Information

To reach a broader audience, this article has been translated from Japanese.
You can find the original version here.

Introduction

This article introduces the steps to construct the infrastructure for the Sales Support System (SSS) using Terraform with a configuration of API Gateway + CloudMap + ECS (Fargate).

Background

Due to the following maintainability issues, we decided to migrate the AWS container environment from EKS to ECS. Fargate usage has been continued.

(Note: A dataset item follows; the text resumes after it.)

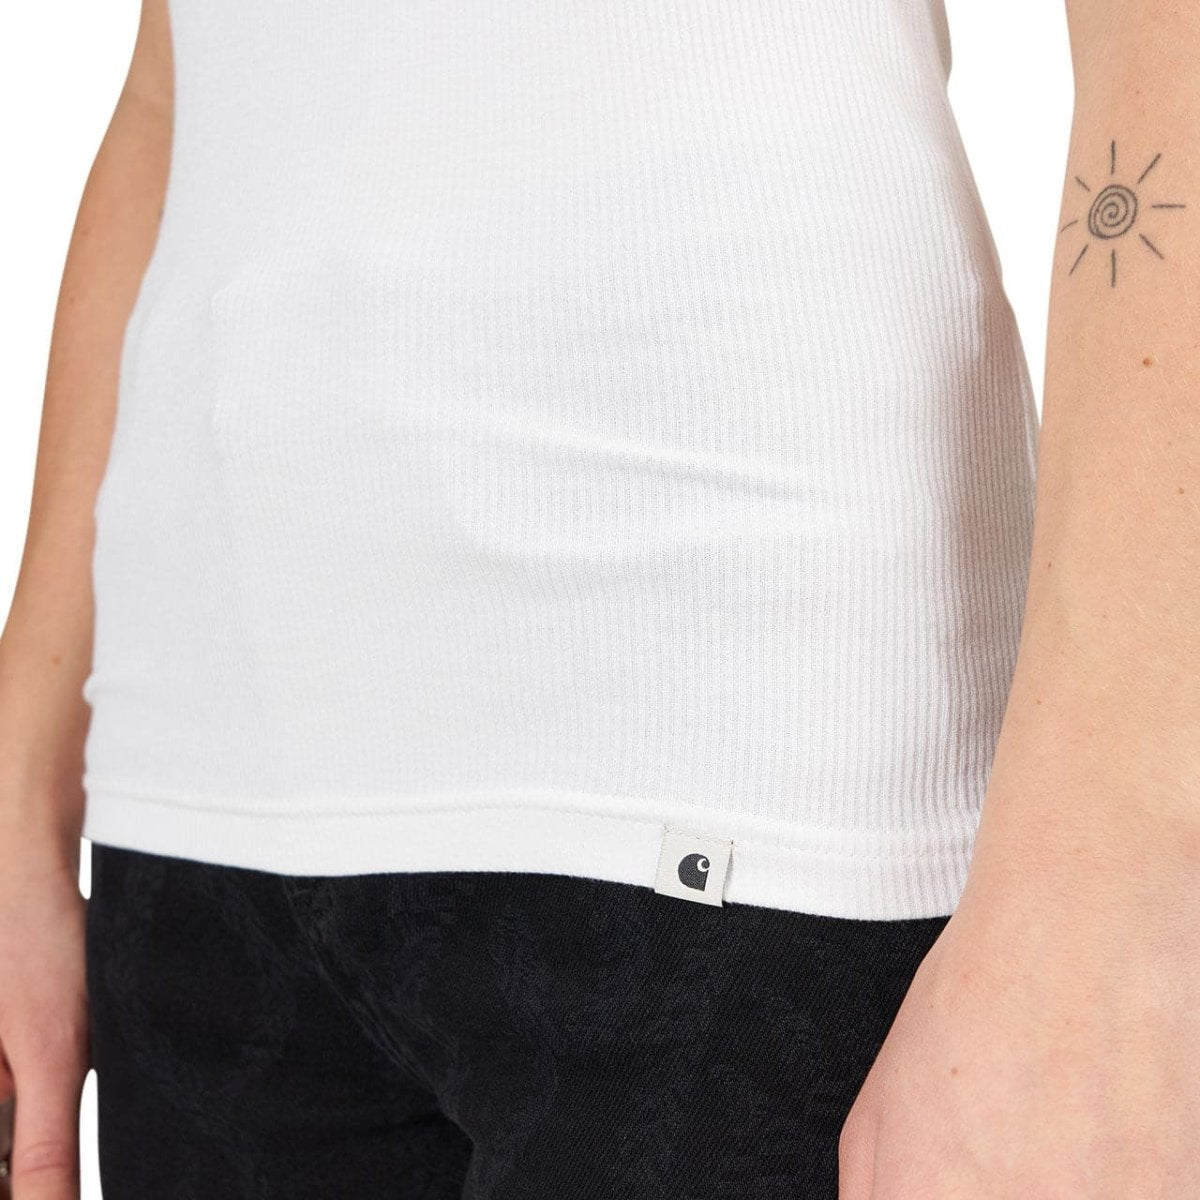 Carhartt WIP W Seri A-Shirt (Weiß)  - Allike Store

Among AWS services, EKS incurred the highest cost. By migrating to ECS, we could save enough to cover the SaaS usage fees we were considering at the time.
Kubernetes, the foundation of EKS, requires updates at least once a year.
Middleware (HELM) updates on EKS are not notified by AWS, so we had to check them ourselves.
The high frequency of Kubernetes updates made it difficult to keep up.
- Many APIs, including alpha and beta versions, are present in Kubernetes, and incompatible updates are common.
The SSS development team lacked Kubernetes expertise, which is often cited as a reason to use EKS.
- The team was already overwhelmed with catching up on AWS itself, as they were unfamiliar with it.

EKS vs ECS

Here is a comparison table of the main elements of EKS and ECS.

Element	ECS	EKS
Control Plane	ECS	AWS Managed
Data Plane	EC2/Fargate	EC2/Fargate
Integration with Other AWS Services	High	Low
Features	Fewer	Richer
Kubernetes Tools	Not Available	Available
Definition Files	Task Definition	Manifest
Cost	Free	0.1USD/hr
Release Cycle	None	About 3 months
Support Period	None	About 1 year
Minimum Execution Unit	Task	Pod
Intra-Cluster Communication	Route53+CloudMap	Service
External Communication/Inbound	Separate Setup	Ingress
Environment Variables	Yes	Yes
Secret	Yes	Yes
Cron	Out of Task Definition Scope	Defined in Manifest
CICD for Definition Files	None	GitOps
Scheduled Tasks	Available	Not Available
Cluster Creation Speed	About 2 seconds	About 5 to 10 minutes

CloudMap vs ALB vs NLB

Since AWS API Gateway was already decided for use, we investigated and implemented the following three AWS services for the configuration behind the API Gateway and compared them.

Using CloudMap

Using Application Load Balancer (ALB)

Using Network Load Balancer (NLB)

Below is the actual comparison^[1]. We assigned points (3 for ◯, 2 for △, and 1 for ×) and adopted the one with the highest score.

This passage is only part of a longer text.